And the prize goes to...
Each year the National Centre for the Replacement, Refinement and Reduction of Animals in Research (NC3Rs) awards a prize for innovative research which has an impact on the use of animals in life sciences. Sponsored by GlaxoSmithKline, the prize consists of a grant of £10k, plus a personal award of £1k.
This week the result of the 2008 prize was announced, as decided by a prestigious panel of scientists. The recipients, Dr Keith Martin and Tom Johnson from the Centre for Brain Repair at the University of Cambridge, were awarded the prize for their work which looks at the potential of stem cells to help treat sight-threatening conditions such as glaucoma. Glaucoma is affects around 60 million people worldwide, and is the second biggest cause of blindness globally.

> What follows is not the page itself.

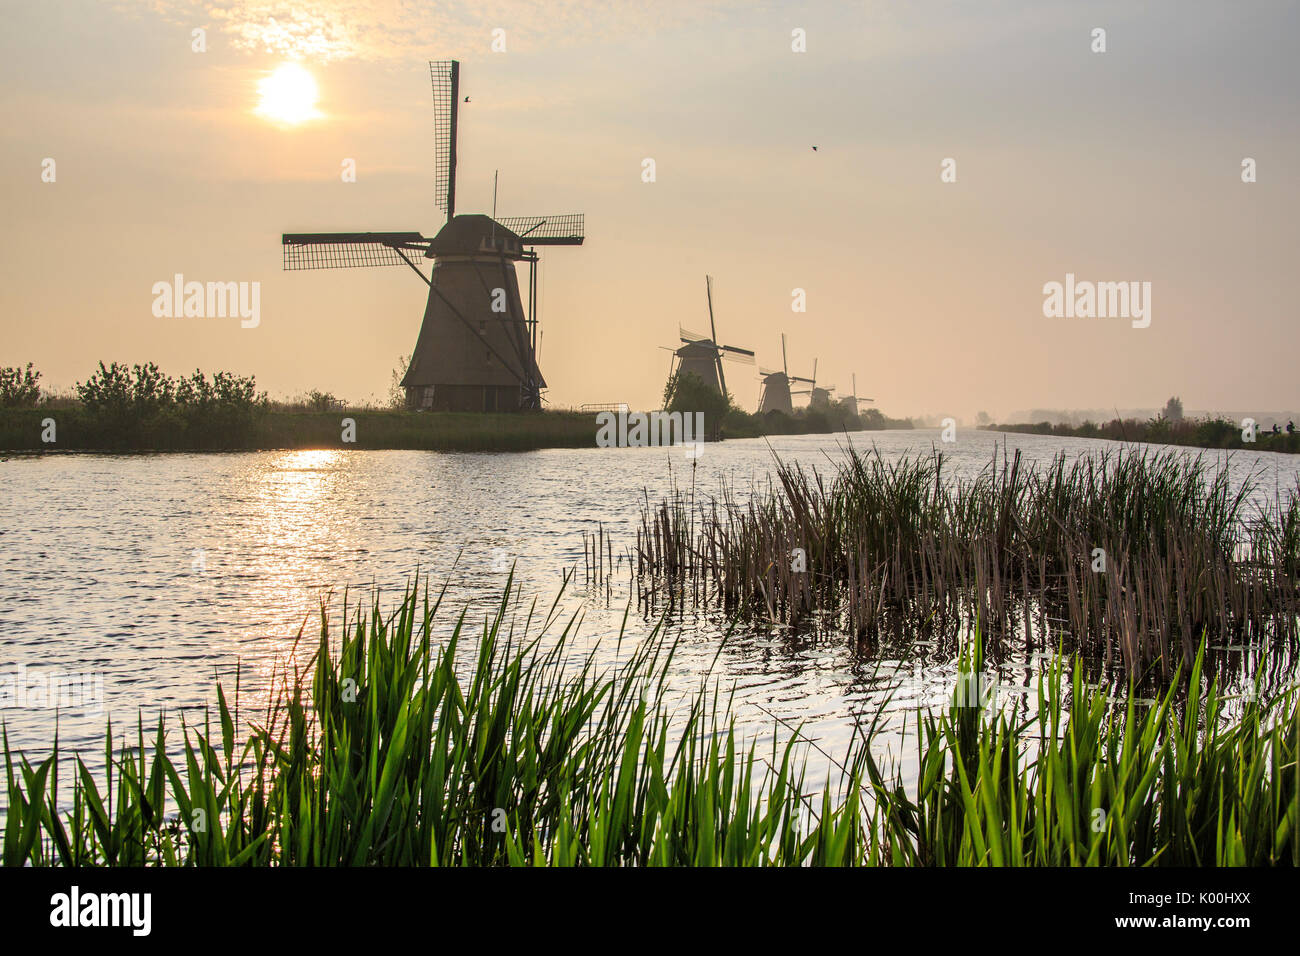 Soleil du matin se lever brille dans le canal où les moulins à vent se reflètent Kinderdijk Rotterdam Pays-Bas Hollande du Sud Europe Banque D'Images

Keith Martin and Tom Johnson have pioneered a new method of using tissue that replaces the need for experiments on live animals. The new method has also brought about an eight-fold reduction in the number of animals used, because eight sections of tissue can be obtained from one rat.
Phil Willis, chair of the House of Commons science select committee presented the prize at a ceremony in London. In his speech, he praised the work noting that as well as making a significant breakthrough in glaucoma treatments, “The work of these outstanding scientists demonstrates graphically the value of engaging with the NC3Rs and that science can be enhanced, not hindered, by considering animal welfare issues.”
Understanding Animal Research applauds the NC3Rs in their work. This prize demonstrates the excellent work being done by the scientific community on the 3Rs. This year is the 50th anniversary of the 3Rs concept, and we look forward to other events to mark the progress made so far and encourage future development.
Dr Vicky Robinson, chief executive of the NC3Rs, said: “This is exactly the type of outcome which the NC3Rs is committed to delivering across the life sciences and a great example of what can be achieved by applying the 3Rs.”
Because of the high quality of entries for the 3Rs Prize, the selection panel also awarded two Highly Commended prizes to Charalambos Tymvios from Imperial College London, and Dr Jenny Morton from University of Cambridge.